Este es el sexto torneo de esta naturaleza desde su inauguración en 2006, y todo apunta a que pudiera ser el mejor de todos por el nivel de organización, intensidad de los preparativos, la promoción internacional y, especialmente, por la calidad de los atletas que intervendrán en el campeonato. Los países participantes, que lograron la clasificación durante las eliminatorias regionales, son sin dudas los que ocupan mejores lugares en el Ranking Mundial del Béisbol al comienzo de este año.
Y tendremos a Cuba en competencia, luego de días de incertidumbre por los visados y un impasse que siguió a la negativa de permisos para ocho integrantes de la delegación, ningún jugador por cierto: seis funcionarios, un estadístico y el entrenador de pitcheo y gloria deportiva Pedro Luis Lazo.
Tras conocerse la decisión estadounidense sobre los visados, las autoridades cubanas sopesaron la reacción ante la negativa, pero no había otra salida que participar.

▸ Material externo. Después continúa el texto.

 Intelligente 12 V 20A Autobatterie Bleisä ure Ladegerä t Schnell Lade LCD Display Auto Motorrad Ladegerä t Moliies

El sábado, la Federación Cubana de Beisbol y Softbol emitió una indignada nota anunciando oficialmente que el equipo nacional ejercería su derecho de participar en el Clásico «en consonancia con los esfuerzos que han respaldado la preparación, la entrega de los jugadores y el colectivo en general, y el compromiso asumido con los organizadores«, y horas después, en franco pataleo, el INDER disparó un encendido panfleto de barricada que se remonta a los Juegos Centroamericanos y del Caribe de 1966, el histórico zafarrancho del Cerro Pelado hace 60 años, para remarcar que los peloteros viajarán «con el mismo espíritu, la misma dignidad y firmeza de siempre» y blablabá, que es lo que nunca falta al régimen cubano.

El equipo está ya en Arizona para celebrar dos juegos de preparación con equipos de Grandes Ligas. Mañana martes 3 de marzo, a las 3 pm, jugarán contra los Reales de Kansas City, y el miércoles a la misma hora se enfrentarán a los Rojos de Cincinnati en el Surprise Park antes de partir hacia San Juan para la ronda eliminatoria.

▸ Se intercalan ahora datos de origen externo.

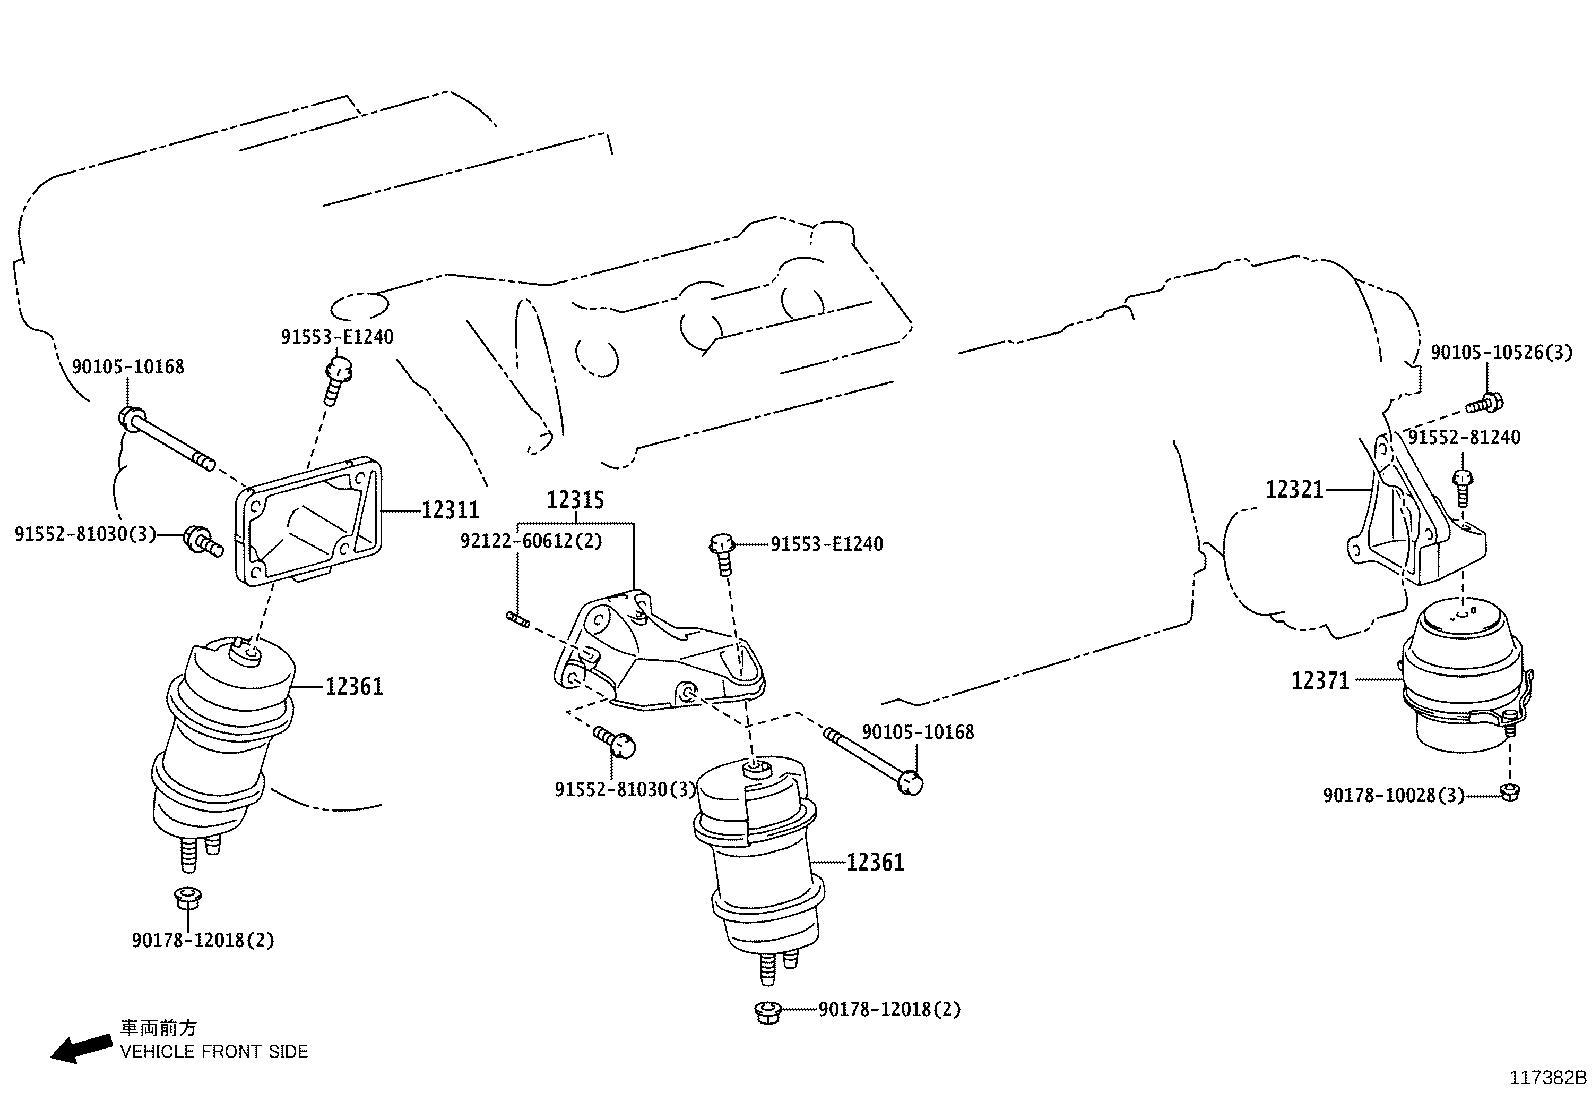 Lexus GS 350 Insulator, engine mounting, rear no. 1

En realidad, Cuba no tenía otra salida que participar en el Clásico y para el béisbol cubano resulta una oportunidad única de medir fuerzas y probar sus potencialidades, en momentos de clara decadencia y pérdida del liderazgo que mantuvo por décadas a nivel mundial.
En estas circuntancias de declive y deterioro que no son ajenas a la crisis general del país, juntando a duras penas figuras insertadas en diferentes niveles de ligas profesionales en Estados Unidos, Japón, México, República Dominicana, Venezuela y Nicaragua, llega Cuba al Clásico Mundial 2026. Las expectativas de los directivos cubanos es que el equipo pueda repetir una actuación como la lograda en la edición anterior, en 2023, cuando quedaron en el cuarto puesto, pero esa aspiración parece más una quimera lejana que una posibilidad realizable.
Un total de 19 integrantes del conjunto cubano juegan en diferentes niveles de las organizaciones de Grandes Ligas, pero sólo dos figuras están en los equipos élite: el tercera base Yoan Moncada (Angelinos de LA) y el lanzador Yariel Rodríguez (Azulejos de Toronto). Los restantes son peloteros emergentes en ligas menores que luchan por ganarse un puesto en las Mayores.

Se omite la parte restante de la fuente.